Collected data:
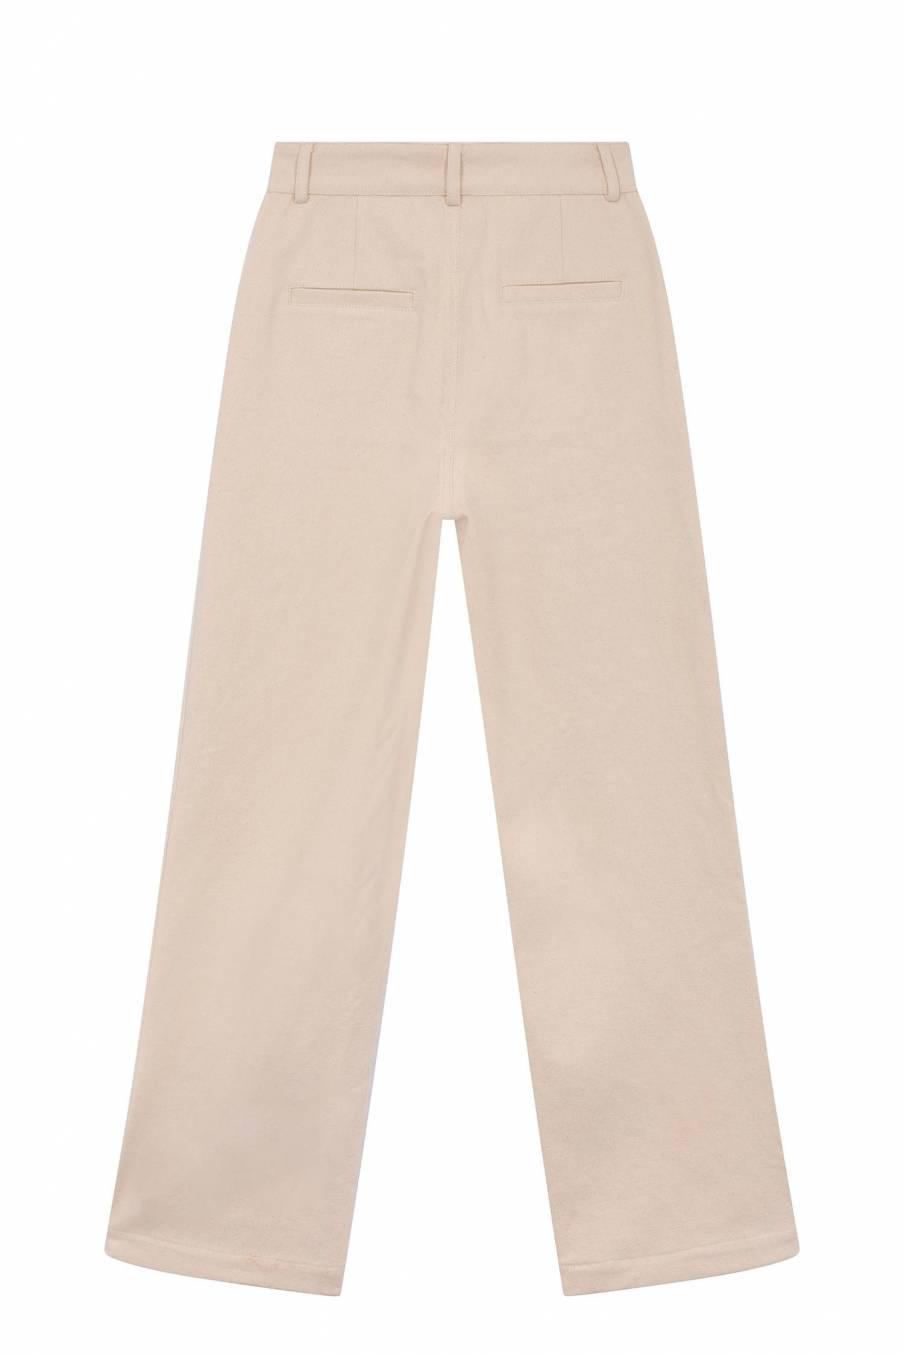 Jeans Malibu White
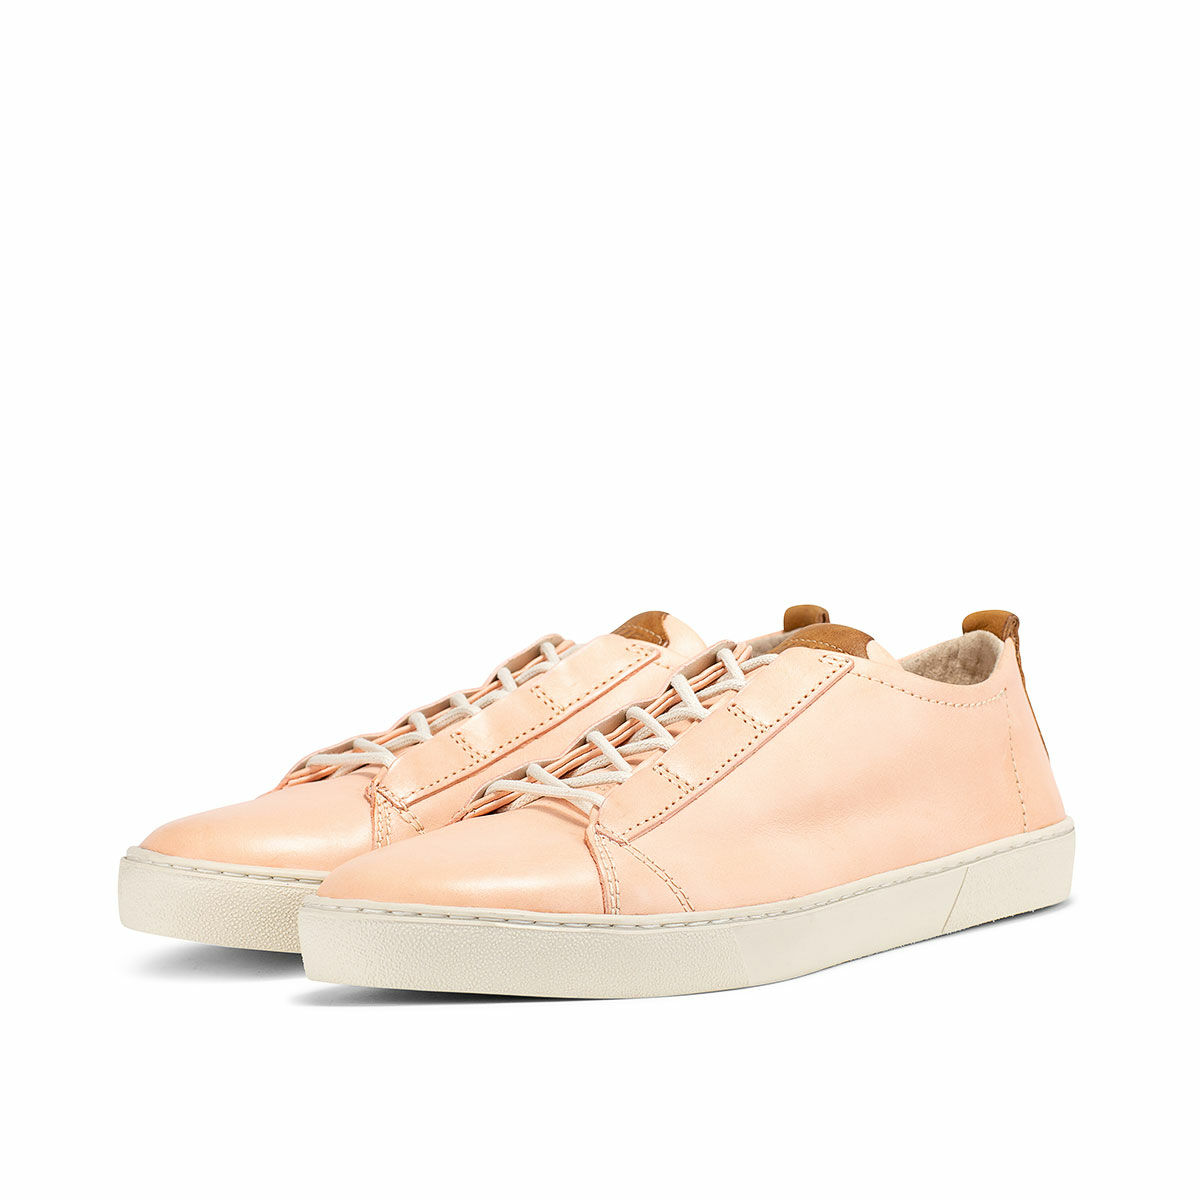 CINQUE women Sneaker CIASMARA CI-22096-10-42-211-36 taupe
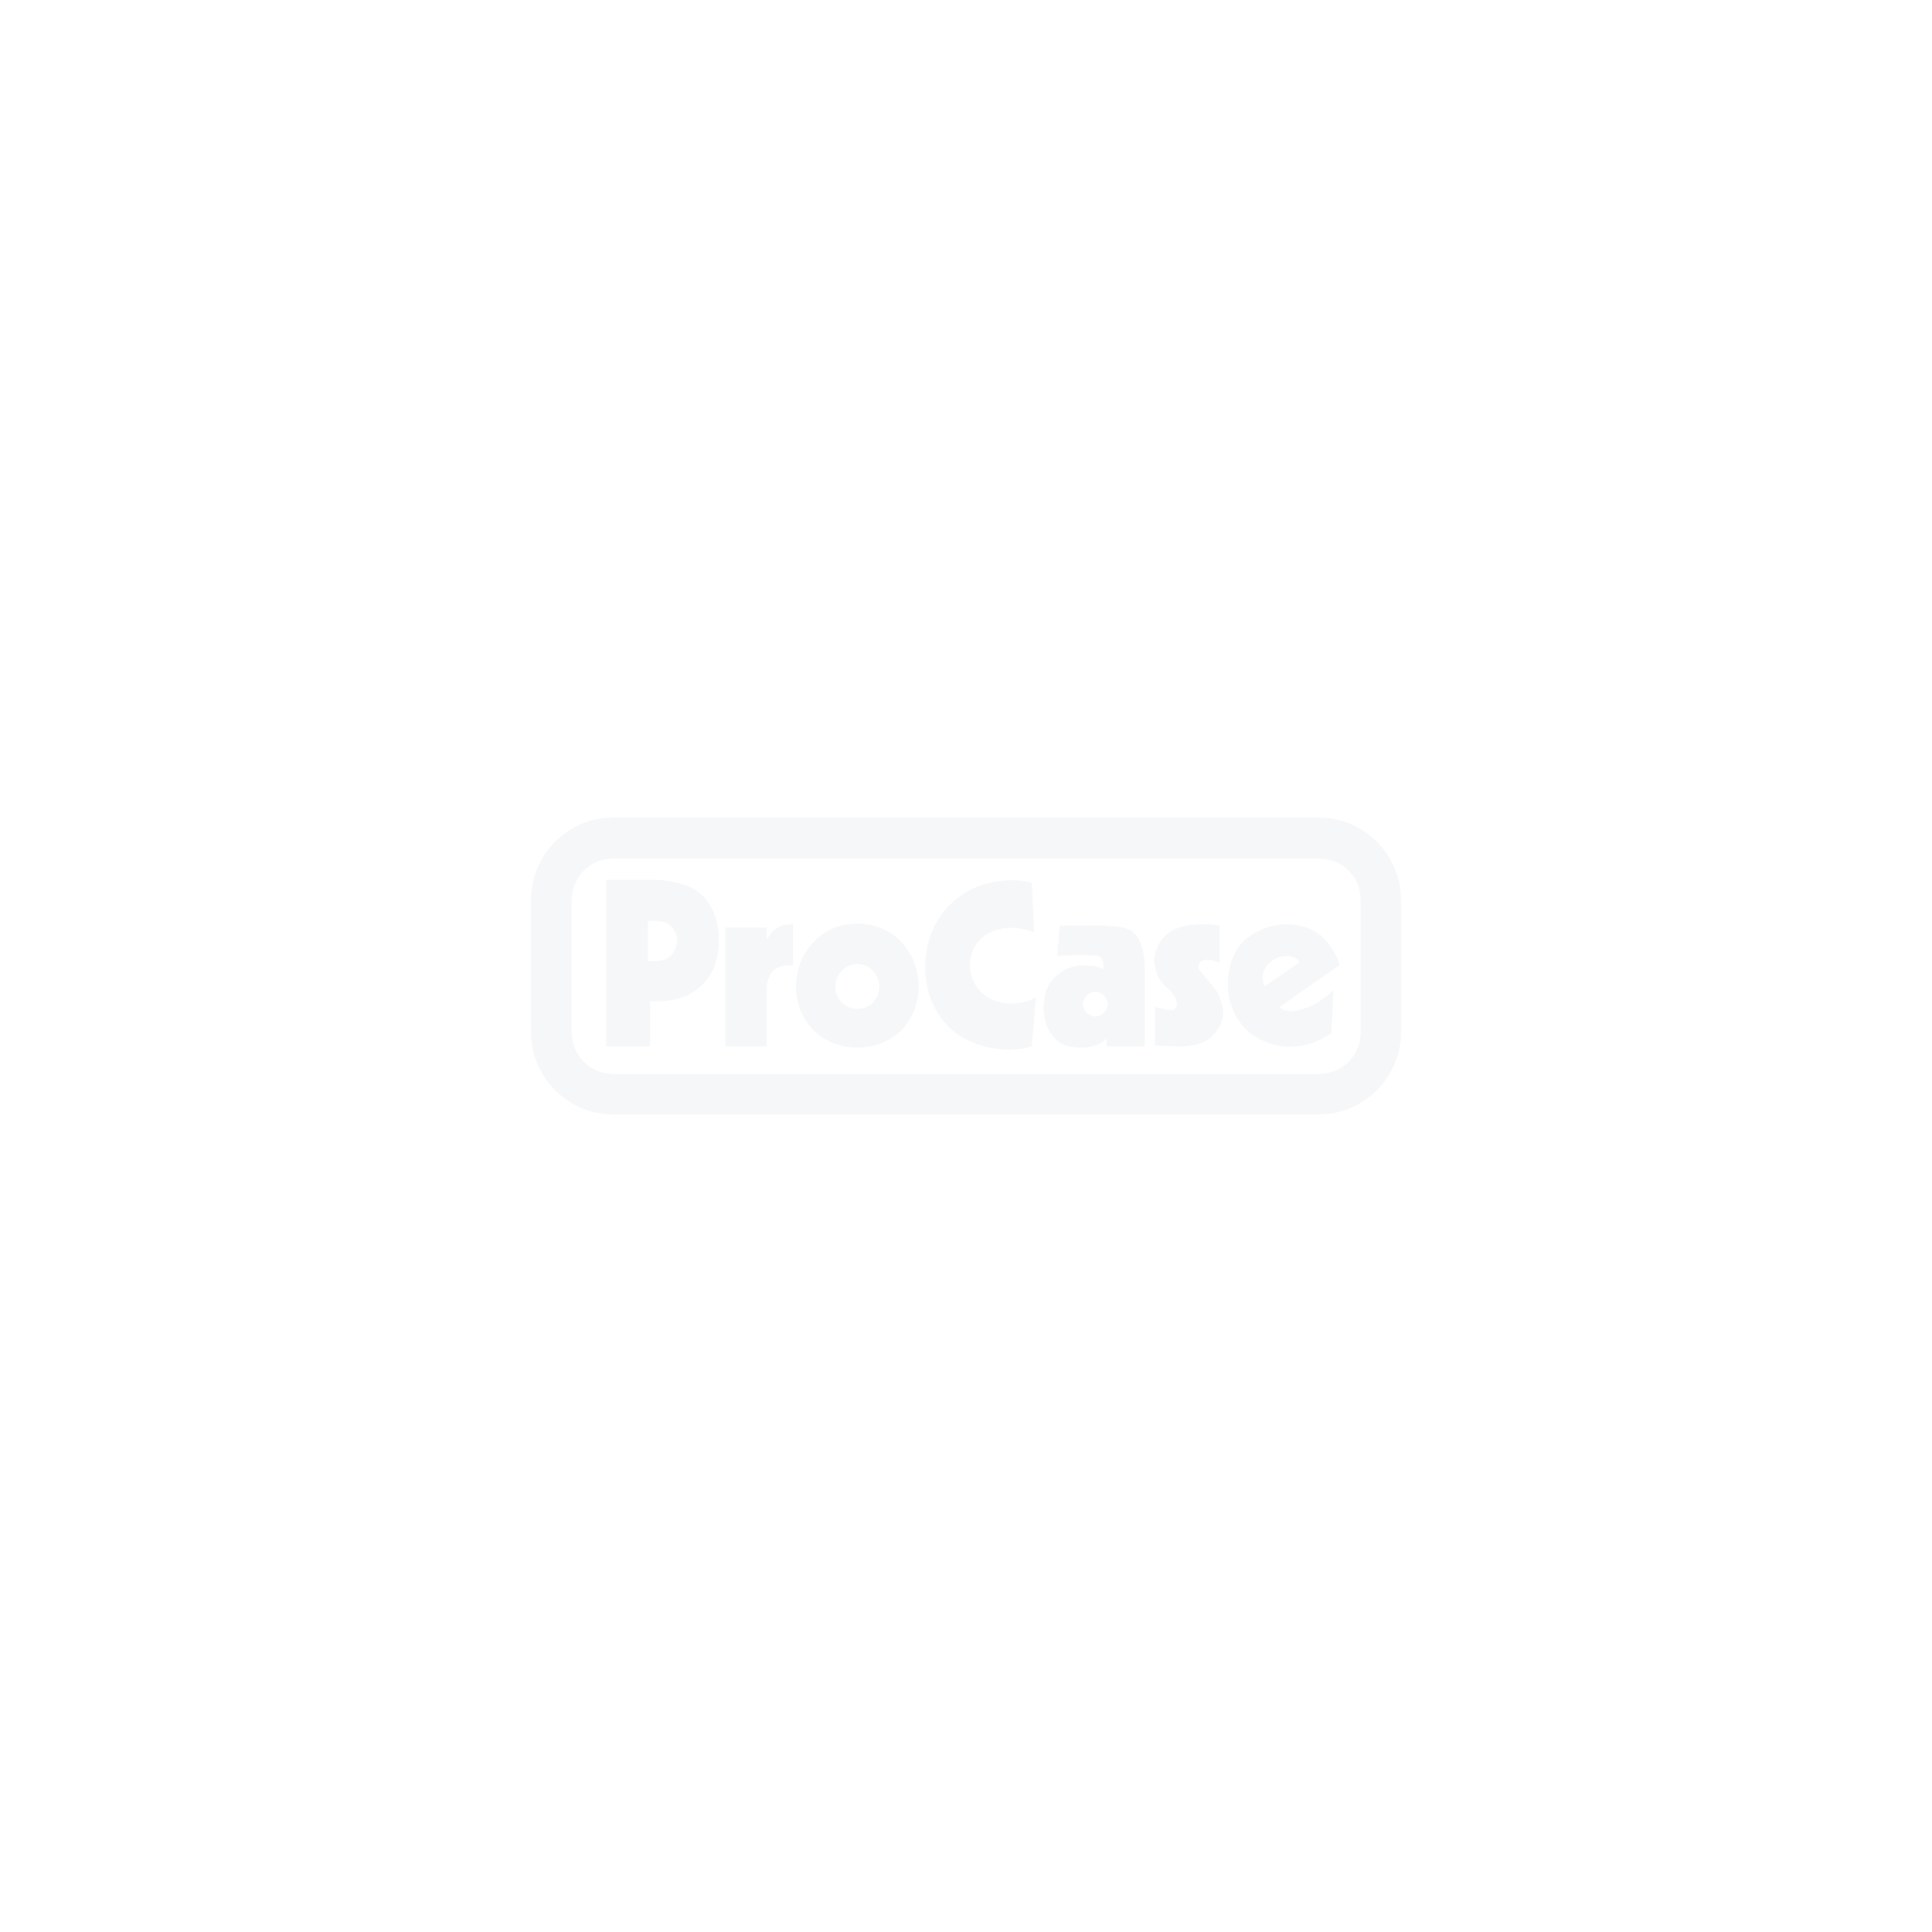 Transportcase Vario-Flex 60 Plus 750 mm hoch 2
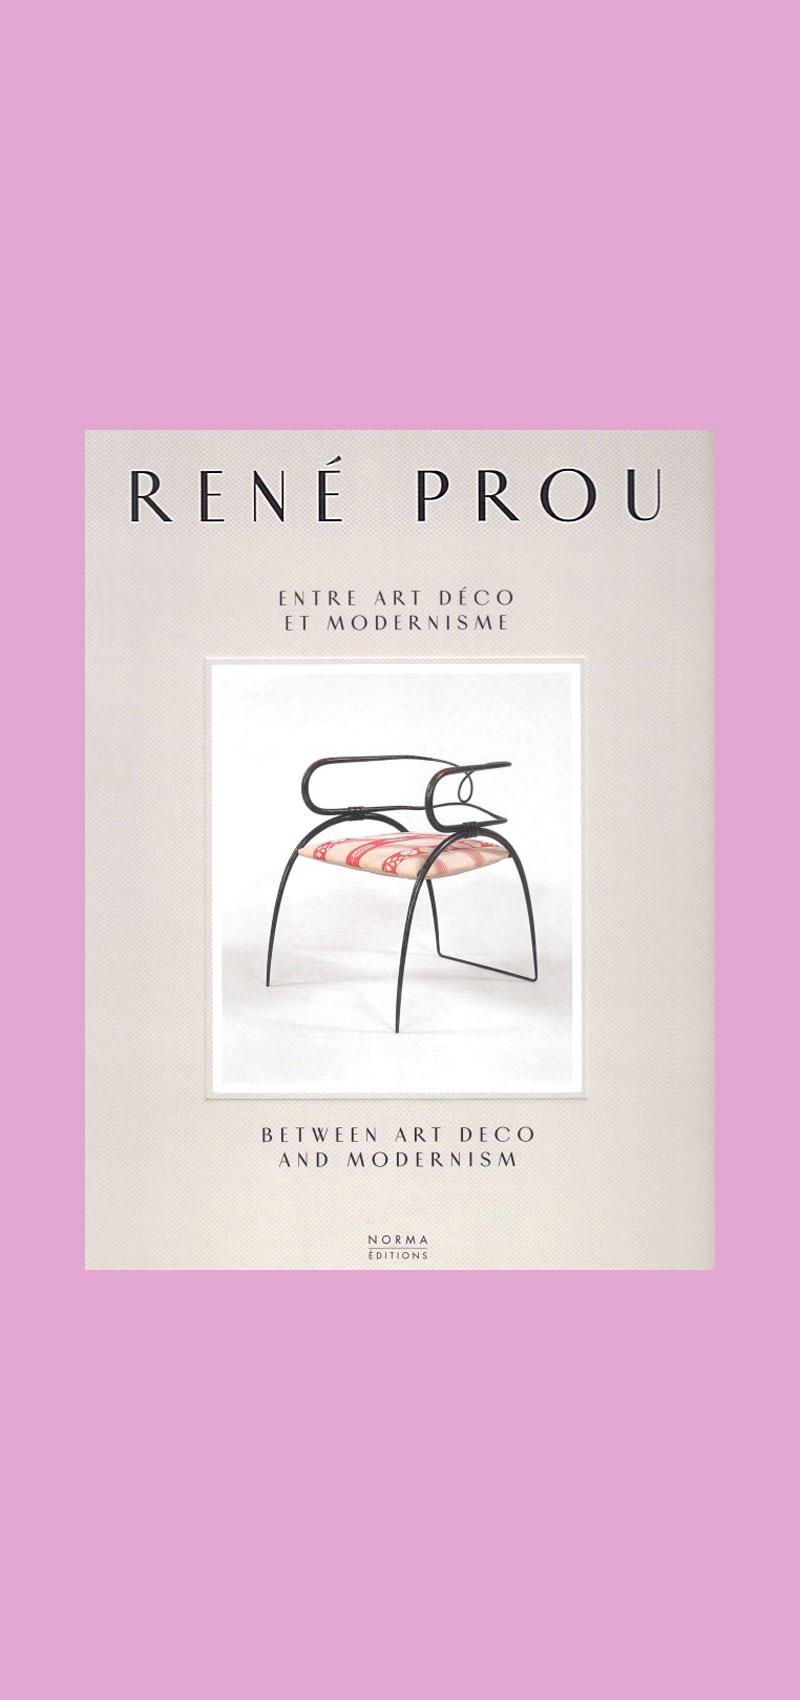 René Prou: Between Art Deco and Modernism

Work to be completed: Repeat the material above verbatim, with no pictures in the output.

Response to the exercise:
 Jeans Malibu White
 CINQUE women Sneaker CIASMARA CI-22096-10-42-211-36 taupe
 Transportcase Vario-Flex 60 Plus 750 mm hoch 2
 René Prou: Between Art Deco and Modernism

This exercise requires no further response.